Category: NFT News

SEC moves to sue Uniswap in bid to hobble fast-growing DeFi sector


The Securities and Exchange Commission warned Uniswap on Wednesday that it intends to bring an enforcement action against the company, which is the leading platform for DeFi—a segment of the crypto market where traders rely on computer protocols that act as automated market makers for exchanging various tokens.

The warning came in the form of a so-called Wells Notice, which the SEC sends to a company prior to launching a formal lawsuit and which provides it a final opportunity to rebut any allegations. In this case, that process is likely to prove little more than a formality as the agency has reportedly been investigating Uniswap for some time, and is in the midst of a sweeping crackdown on the crypto industry.

When reached for comment, an agency spokesperson said: “The SEC does not comment on the existence or nonexistence of a possible investigation.”

Fortune has yet to learn the specific nature of the SEC’s allegations against Uniswap Labs—the company that built the protocol of the same name but does not control it. But based on the agency’s recent lawsuits against high-profile crypto firms like Coinbase, the agency is likely to claim the firm illegally offered unregistered securities to the public or that it failed to register as a broker or an exchange.

The impending Uniswap lawsuit comes at a time when the crypto industry has loudly complained the SEC has been operating in bad faith when it comes to the sector, pursuing enforcement actions despite clear rules while failing to account for crypto’s distinct blockchain-based technology. SEC Chairman Gary Gensler has shot back that existing securities laws are clear, and that the crypto sector has sought special treatment while failing to comply—a position echoed by the White House and, especially, by Gensler’s powerful ally, Sen. Elizabeth Warren (D-Mass.).

The conflict between the SEC and the crypto industry has already led to a number of high-profile lawsuits, mostly notably involving Coinbase and Ripple, that turn on the SEC’s jurisdiction over digital assets and on how a 1946 Supreme Court test that defines securities should apply to crypto.
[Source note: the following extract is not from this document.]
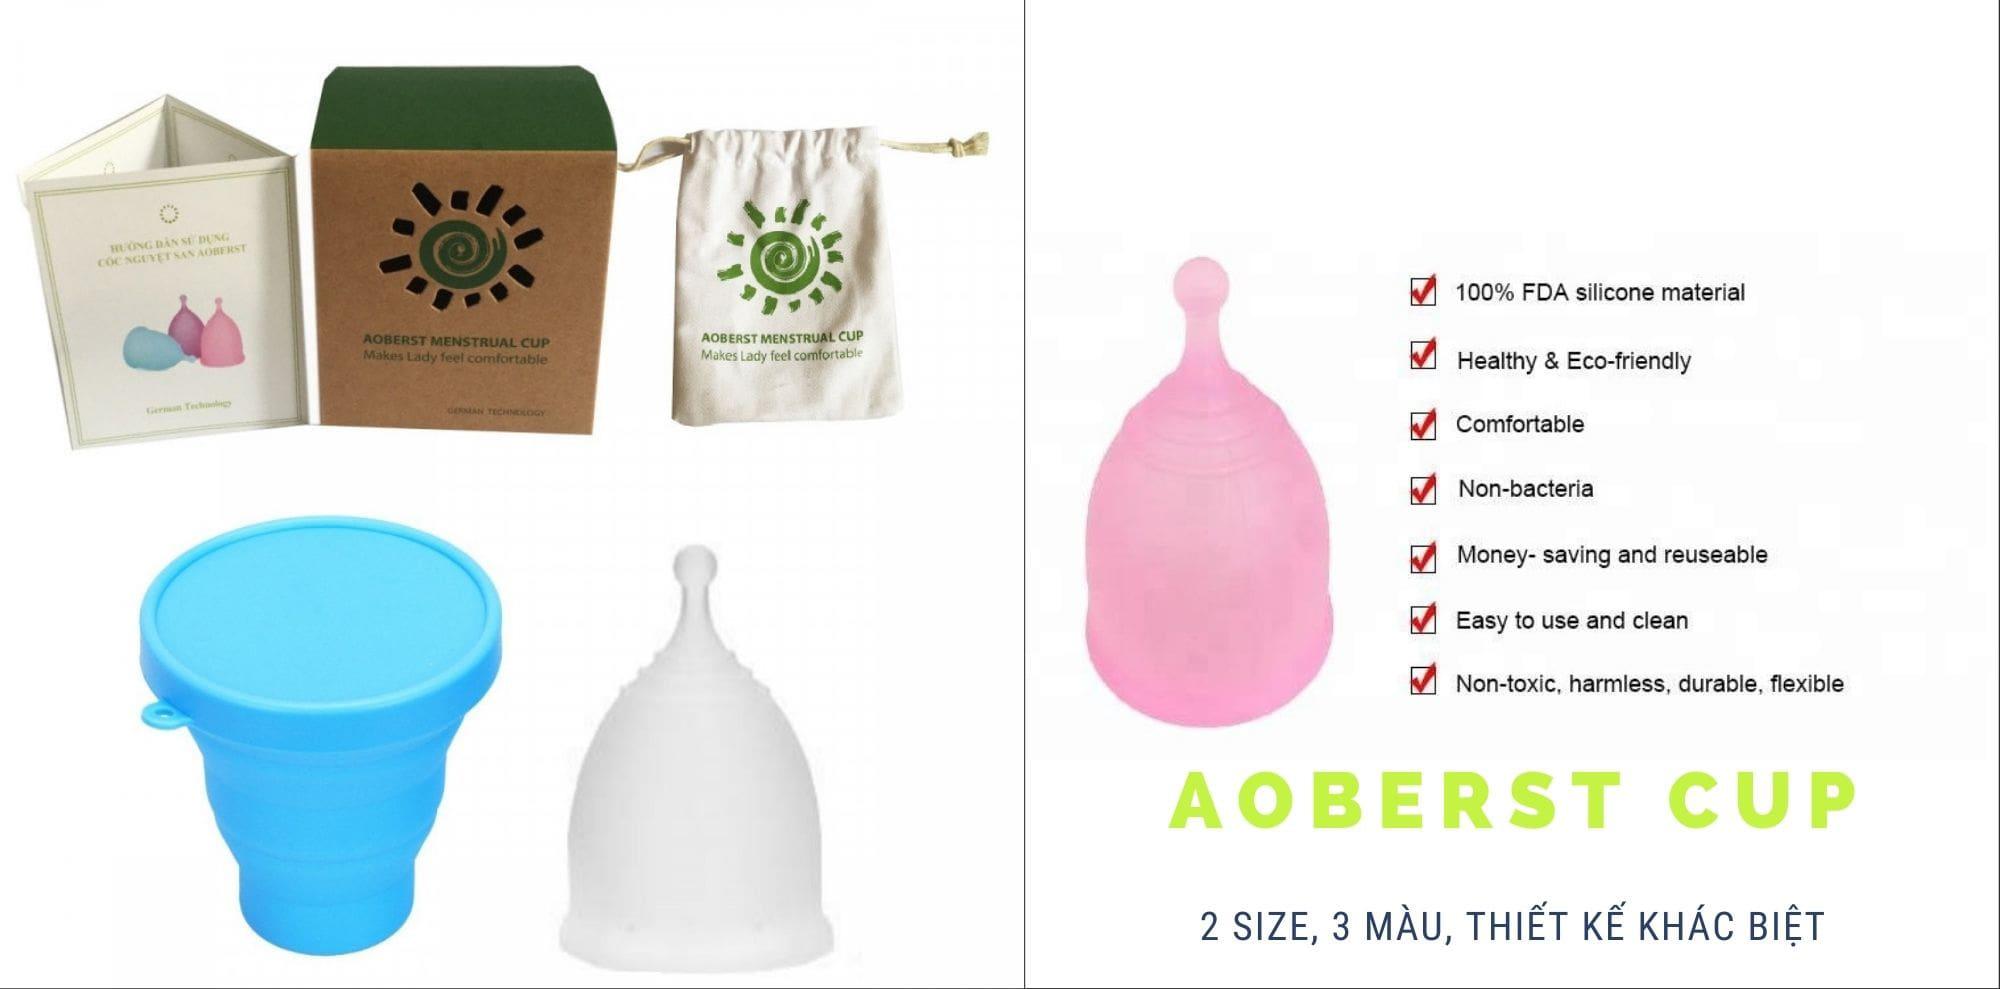 Cốc nguyệt san Aoberst - 2 size 3 màu, thiết kế khác biệt
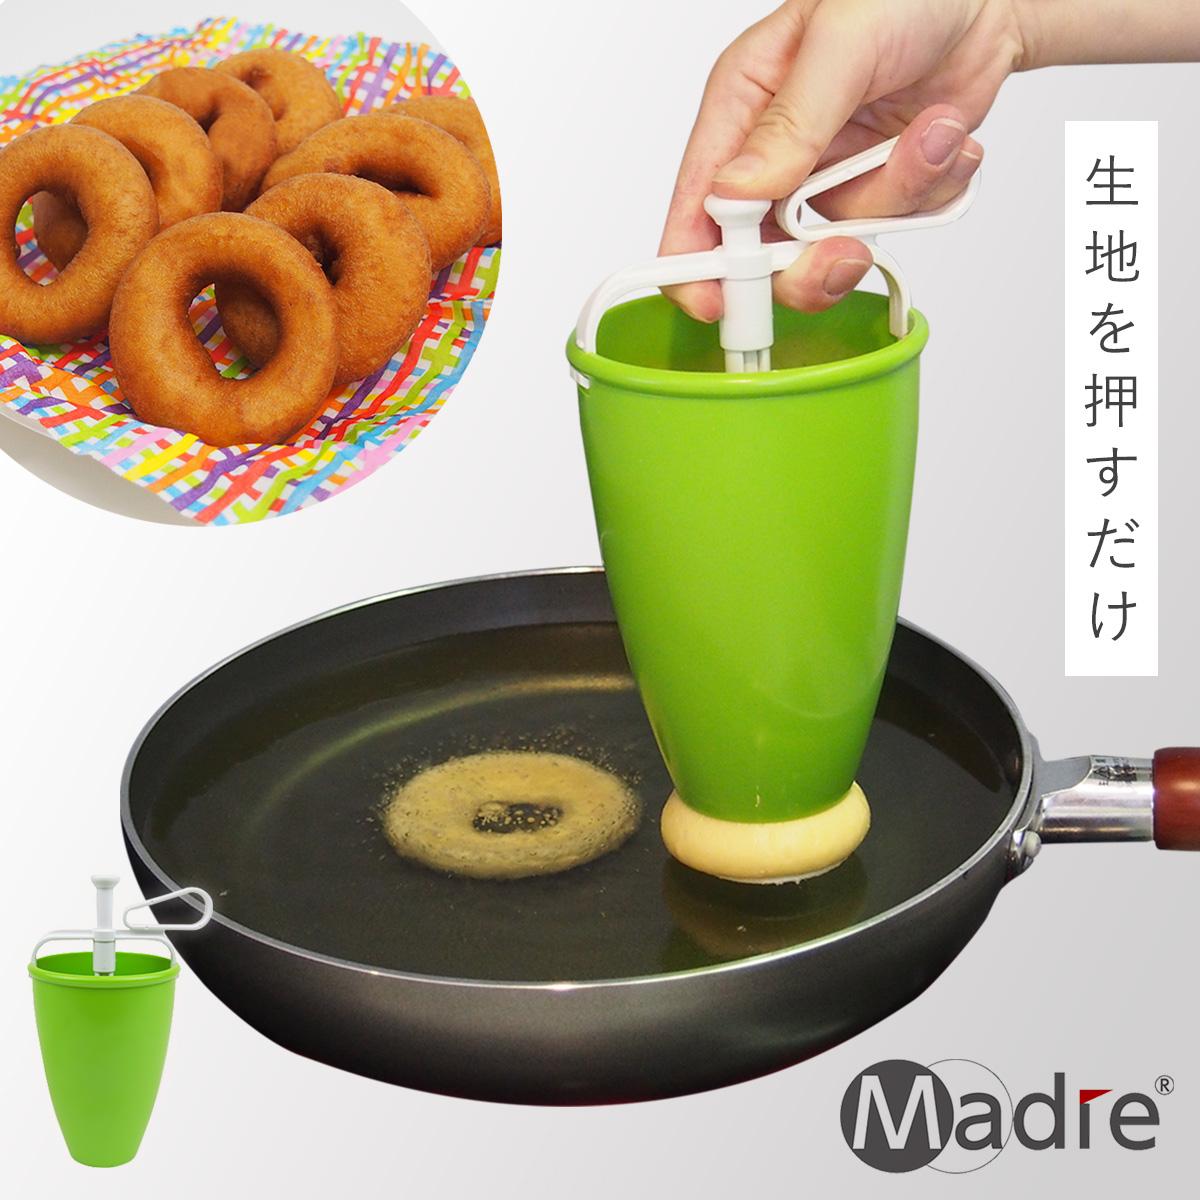 ご家庭で簡単にドーナツが作れる! ドーナツメーカー お菓子作り 道具 マドーレ ドーナツメーカー FP-310

Those lawsuits, which are ongoing, have produced mixed results that have allowed both sides to claim the upper hand, though the most recent ruling suggest the legal momentum lies with the SEC. The outcome of the Uniswap case, however, is especially unpredictable given the unique nature of DeFi technology and a notable legal victory for the company last year in a class-action suit.

The stakes of any lawsuit between the SEC and Uniswap Labs will be high given that DeFi, once a tiny niche of the crypto market, has grown rapidly. Uniswap recently announced that the protocol has facilitated over $2 trillion in transactions, and there is growing interest from mainstream finance about the potential of the underlying technology.

DeFi platforms as self-driving cars

Unliked conventional brokerages or crypto exchanges, DeFi platforms don’t have a central authority that serves as a counterparty for trades, or that sits between buyers and sellers. Instead, they rely on automated protocols overseen purely by code that set rules for trading, collateral requirements, and so on.

Come to my page!

In the case of Uniswap Labs, founder Hayden Adams wrote the original underlying code that powers the protocol, and the company provides an interface for users to trade certain crypto tokens. But the protocol itself is open-source and used by many other projects in the DeFi world.

This distinction was critical in resolving a class-action suit filed against Uniswap Labs last year that claimed the company was responsible for traders who had been scammed. In that case, the plaintiffs argued that Adams had built the equivalent of a dangerous self-driving car that was running amok.

Uniswap Labs took up the self-driving car metaphor as well, but argued that the technology it had built was neutral—and that whether individuals used it for bad or for good was beyond its control. In a sophisticated ruling that described the nuances of DeFi in detail, a federal judge sided cleanly with Uniswap Labs, handling the DeFi sector a major victory.

More recently, in a ruling last month in the SEC’s lawsuit against Coinbase, the judge refused to throw out claims the company was offering illegal securities—but did rule that Coinbase’s decentralized wallet offering could not be considered a broker for purposes of the SEC’s authority. This finding is likely to boost Uniswap Labs’s case in any lawsuit with the SEC, though it does not account for the company’s interface over which the company has control and that has, in the past, highlighted tokens the SEC later deemed to be securities.

People close to Uniswap Labs told Fortune the company is prepared to offer a “worthy fight” in court, and claimed the company’s legitimacy is reflected in the fact it has chosen to operate in broad daylight in New York City rather than offshore.